Veamos: Lo que explican Flljob y Elxenc sobre la frugalidad del plato es lo que yo sabía, pero en la Wiki lo consideran un plato" de agasajo" Por eso puse que lo había sacado de ahí. En todo caso, sea un plato rico o uno pobre, se trata de un juego de palabras y la ironía funcionaría igual.


----------



## King Crimson

Para empezar, veo (gracias a las definiciones puestas por Elxenc) que estaba equivocado sobre la traducción literal de “Duelos y quebrantos”, que tendría ser algo como “dolori/lutti e sconforti” y no “duelli e dolori”.
Además, he encontrado en internet (aquí, nota 112.b ) la explicación de la traducción “frittate rognose” sugerida por Franciosini:
-----
Lorenzo Franciosini: _Vocabolario italiano e spagnuolo: español e italiano_, primera edición, Roma, 1620, lo registra por primera vez (artículo _Duelo_) con la mirada puesta en el _Quijote_: «comer duelos y quebrantos e un modo di dire straordinario e vale mangiar della carne secca con dell'huova, che in Firenza diremmo mangiar delle frittate rognose» y (artículo _Quebranto_): «duelos y quebrantose un termino e modo di dire usato particolarmente nella Mancia in Spagna, e significa mangiare huova con carne secca que noi diremmo mangiar delle carbonate (tocino frito)». El propio Franciosini, en su traducción del _Quijote_, Venecia, 1622, tradujo _duelos y quebrantos_ por «frittate rognose», y en una acotación añadió: «sono prosciutto fritto con huova», con lo cual nos deja vacilar entre carne seca, tocino frito y jamón, sin saber a cuál atenernos.
-----
Por lo tanto estamos hablando de un modismo (“frittate rognose”) usado a Firenze en el siglo XVII y esta es la razón por la cual nunca lo había oído, pero me parece que la explicación completa en el enlace que puse remarca que la etimología de esta expresión es incierta, así que también le traducciones en varias lenguas no son congruentes.


----------



## Kaxgufen

La edición del Quijote del IV Centenario aclara en una llamada con nota al pie, que Duelos y Quebrantos es "quizá huevos con tocino o chorizo".

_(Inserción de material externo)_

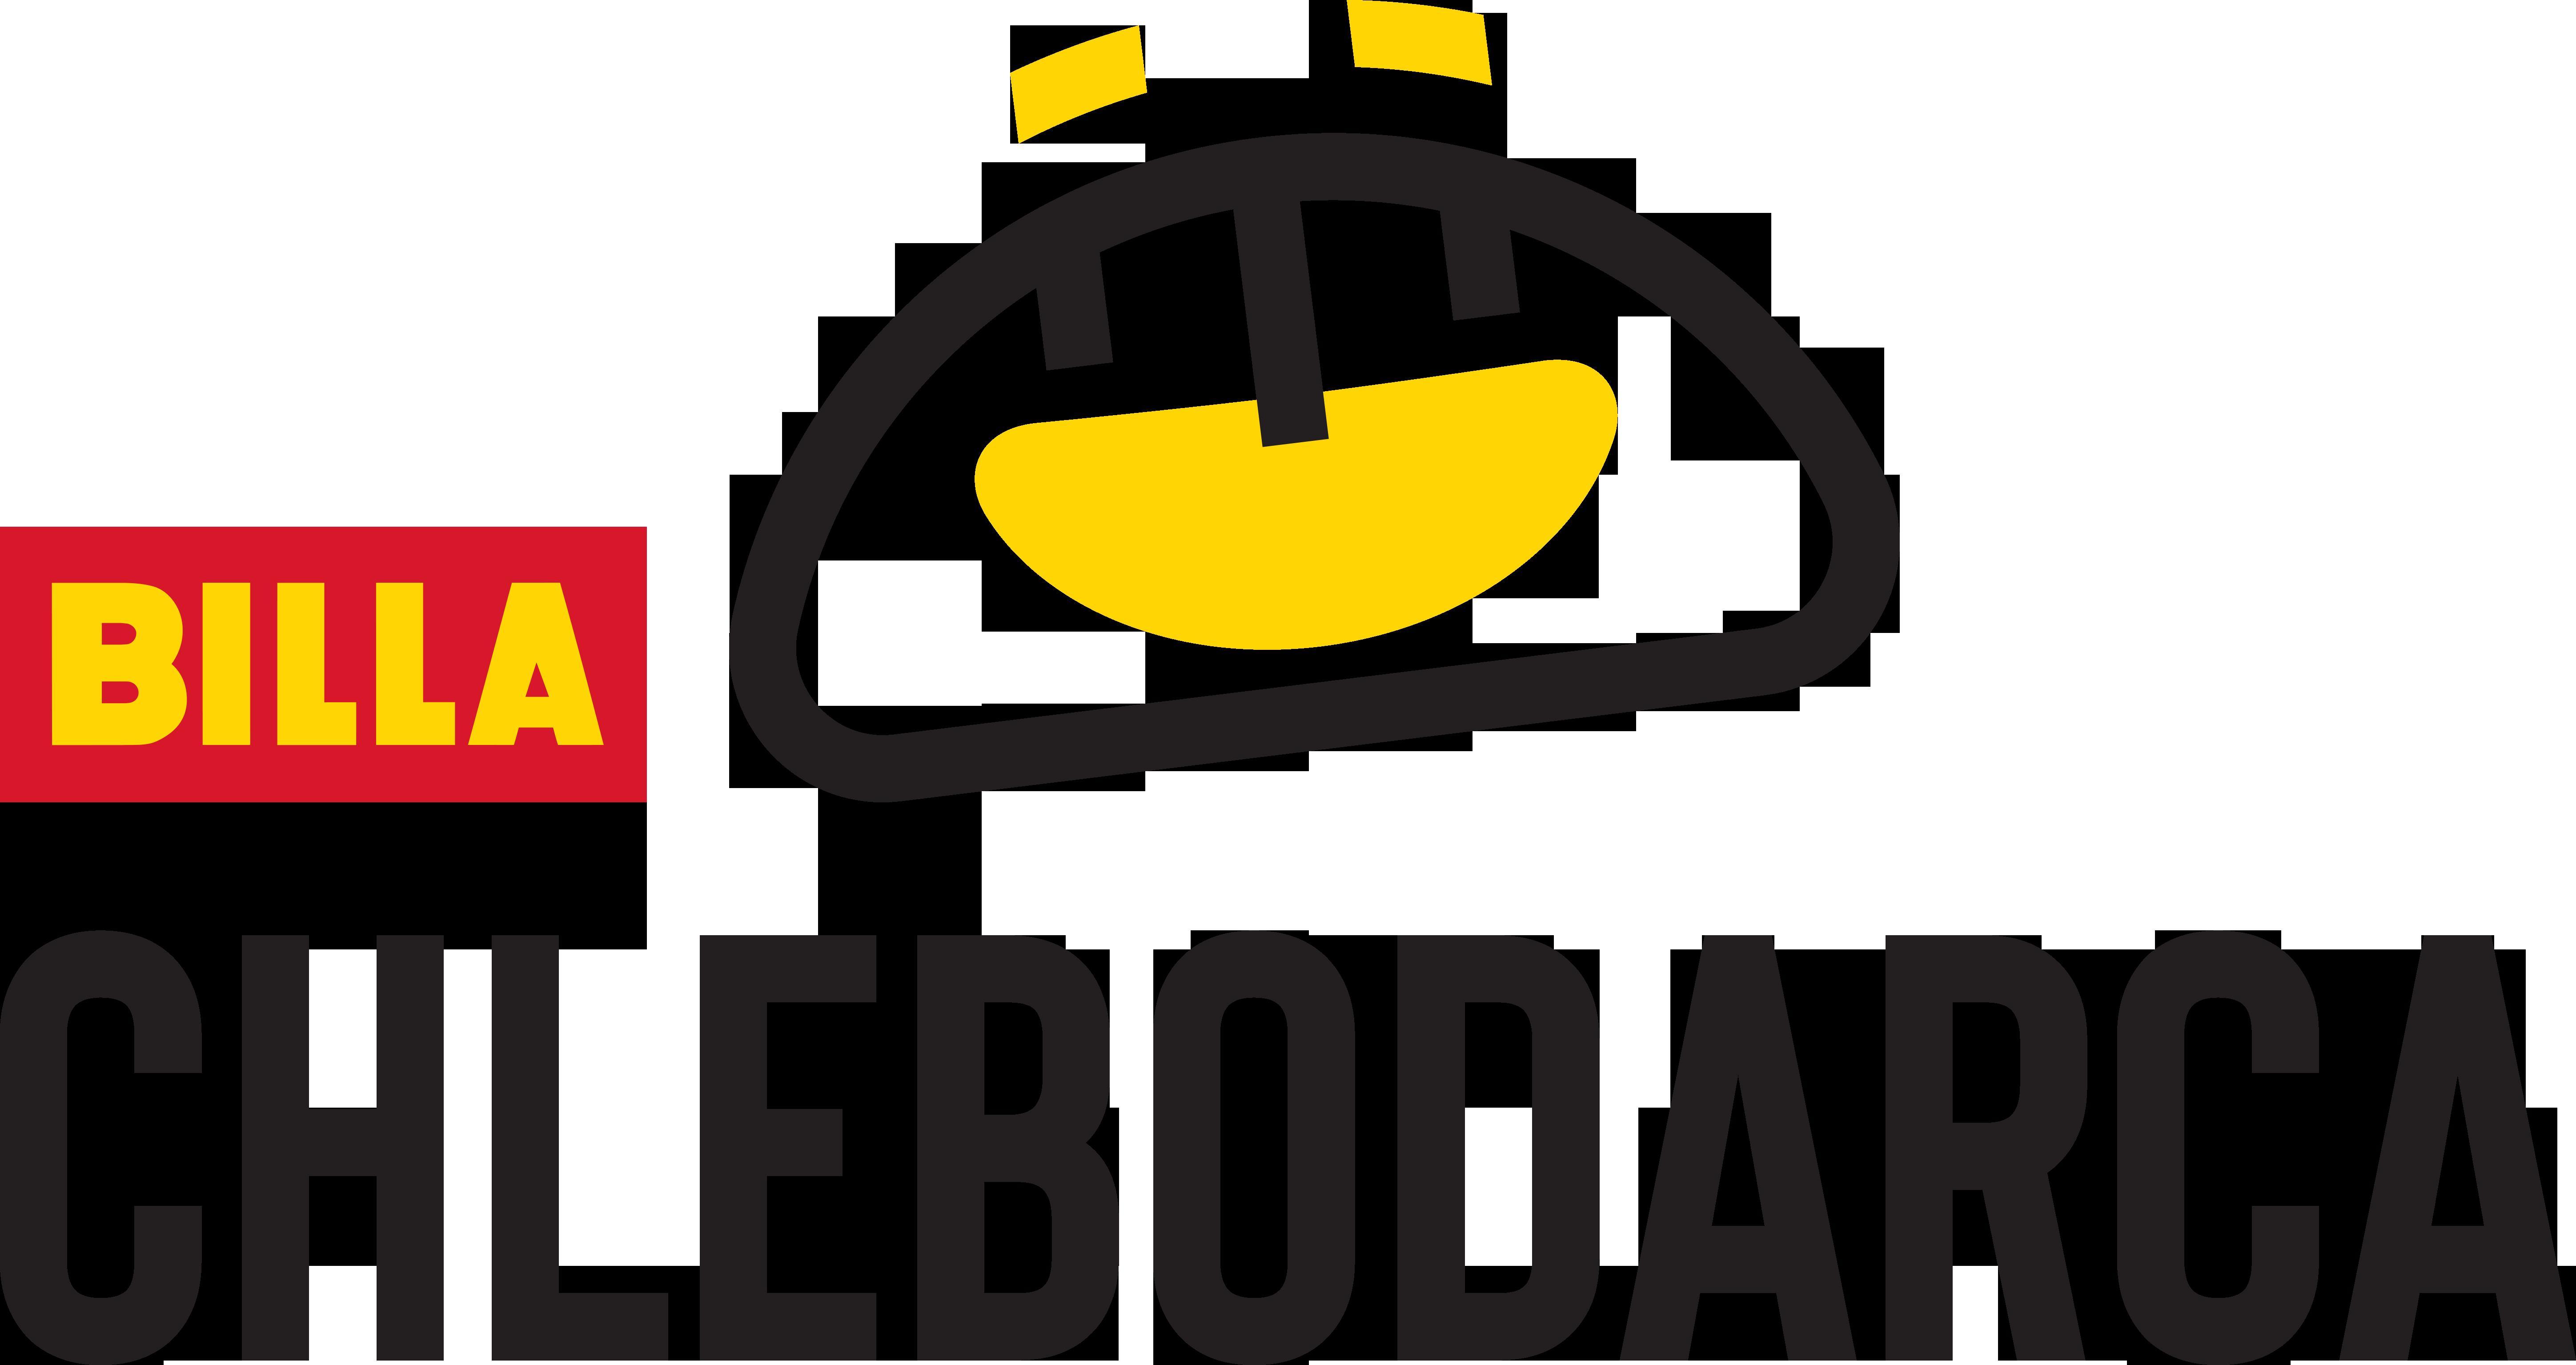 Chlebodarca logo
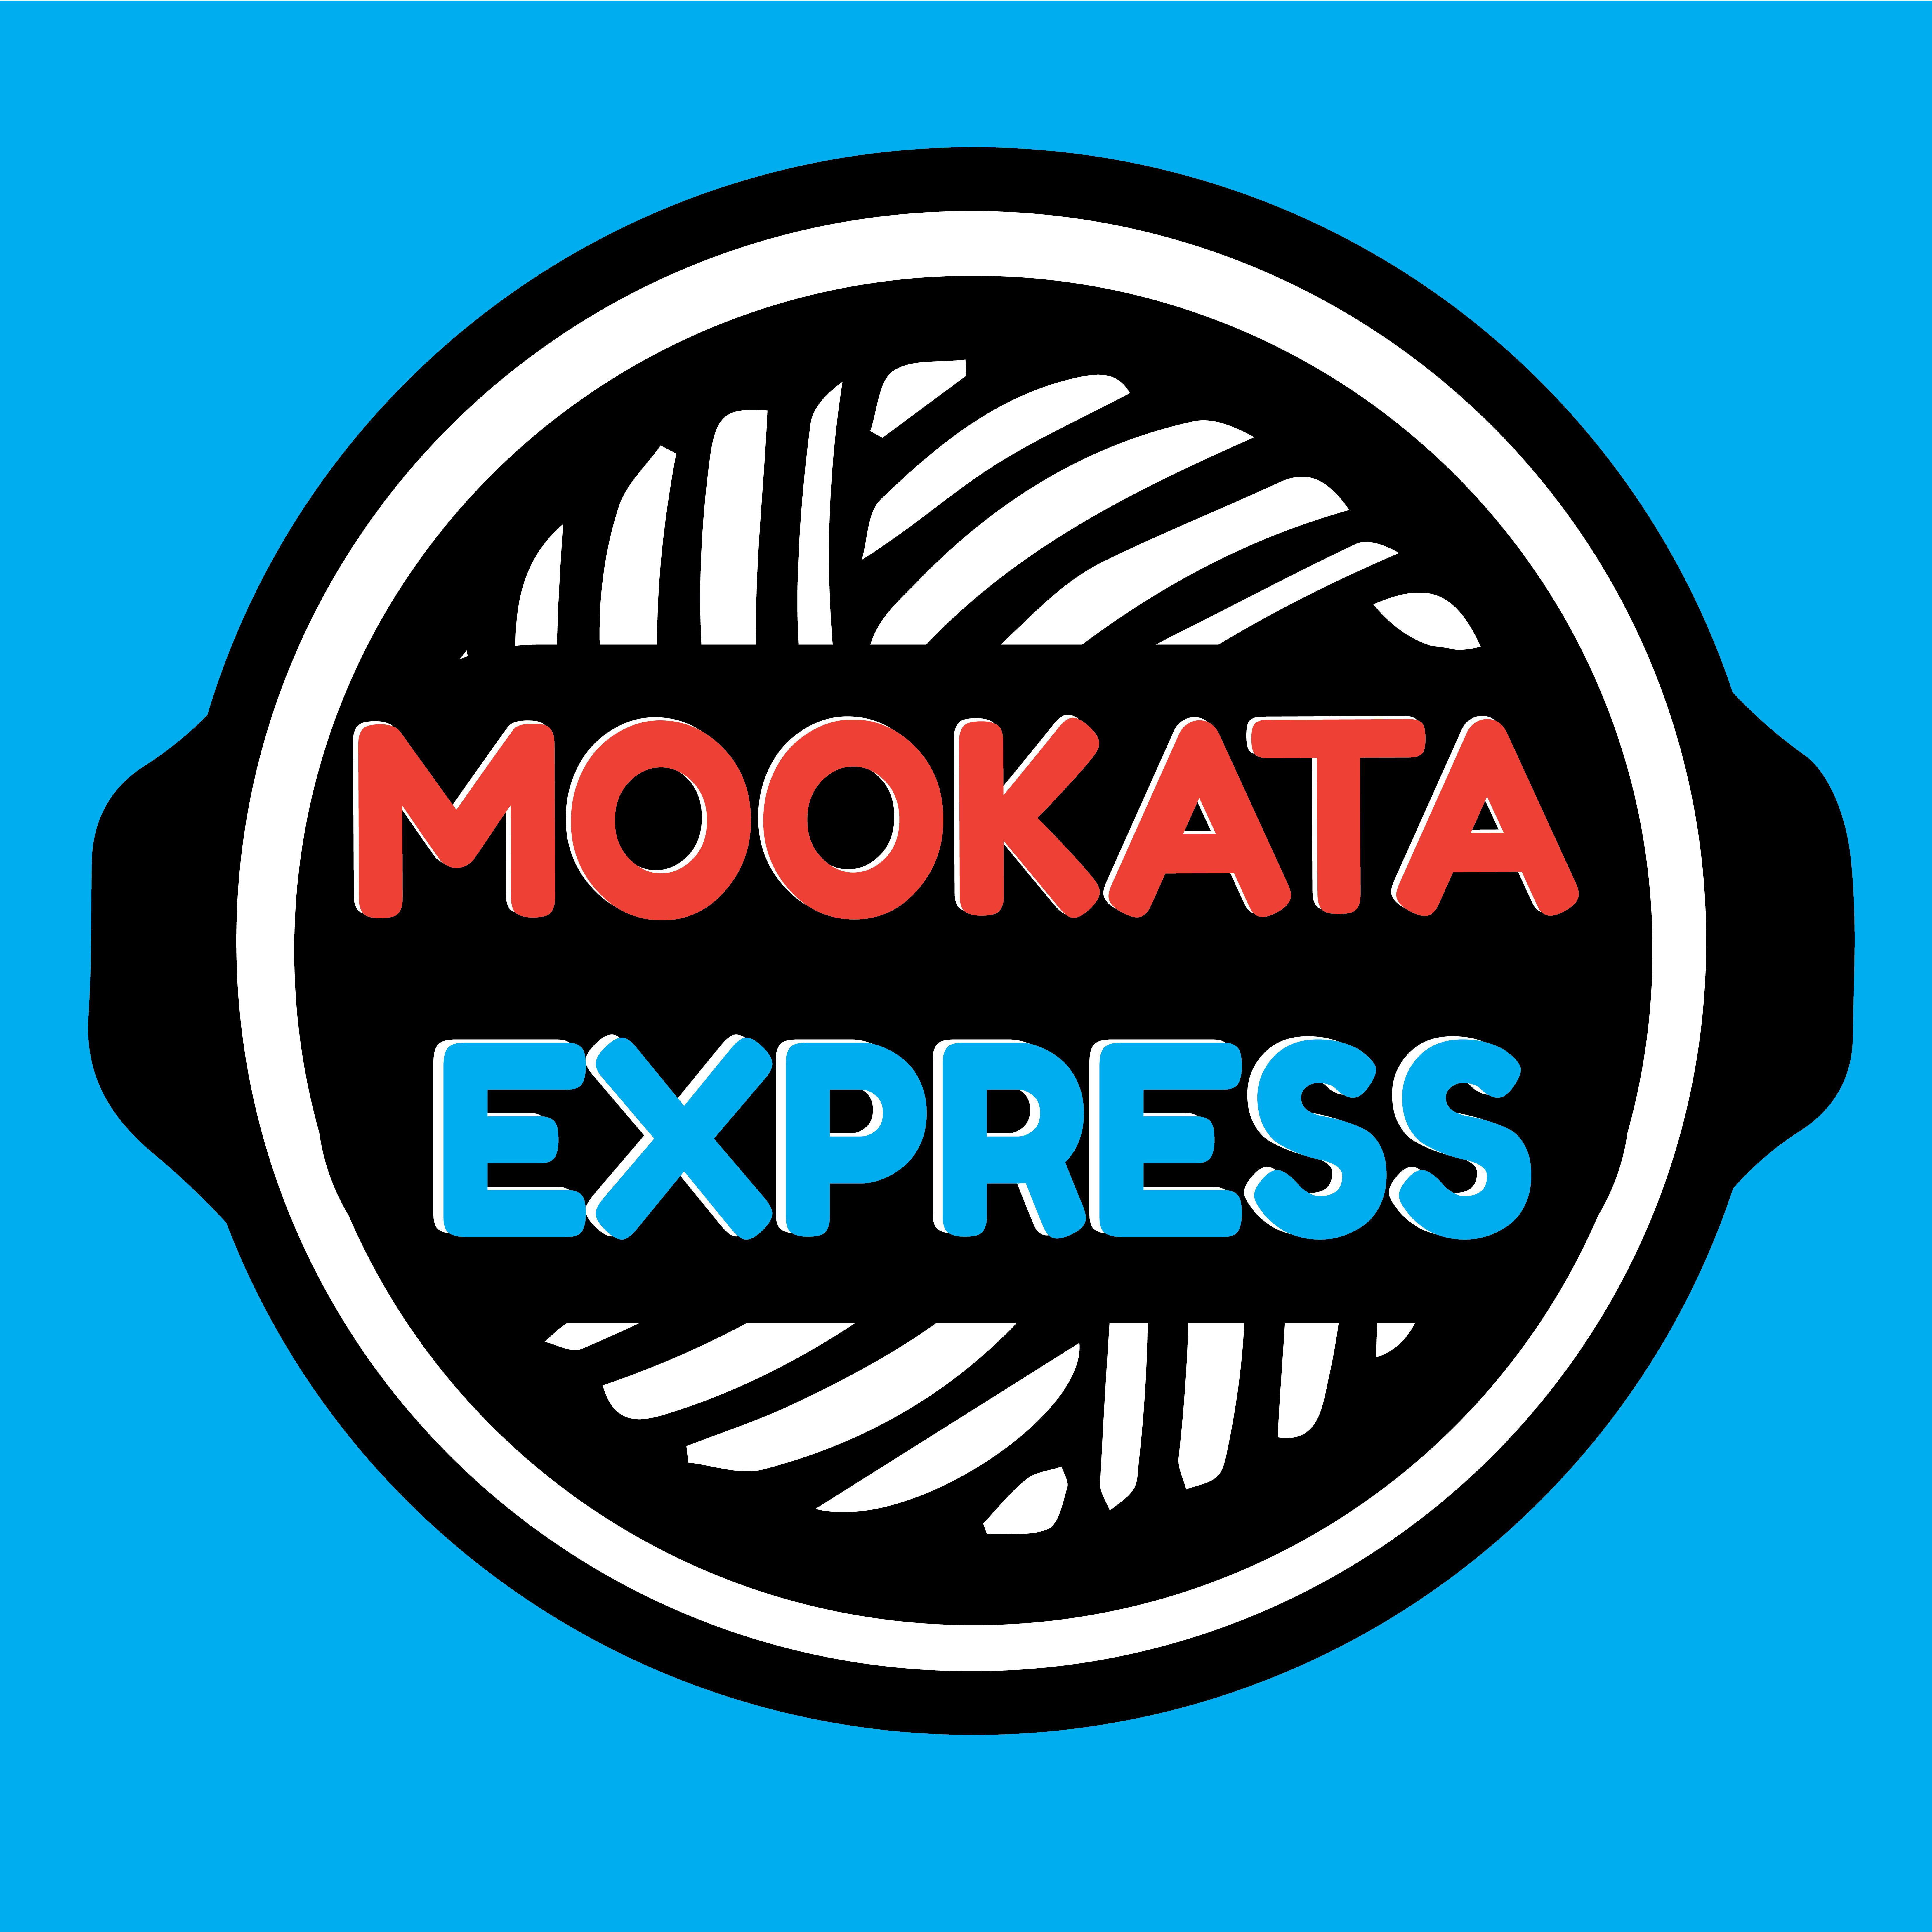 Mookata Express

El témino _quebrantos_ se ha relacionado con el quebrantamiento de la ley mosaica al incluir tocino en la comida. Pensemos que estamos en plena época de la expulsión de moros y judíos de España. Hay toda una teoría acerca de lo judío, Cervantes  y el Quijote pero no es este el foro adecuado para tratar ese tema puntualmente.


----------



## clares3

Hola
Por lo que sé y he leído, no creo que en casa de Quijano se ayunara los sábados (lo que sería muy sospechoso en la época en que el sabat era rigurosamente perseguido). 
Tal como otros han dicho, duelos y quebrantos es un plato típico de La Mancha, que aín se cocina y lo suelen ofrecer en los menús de casi cualquier restaurante.


----------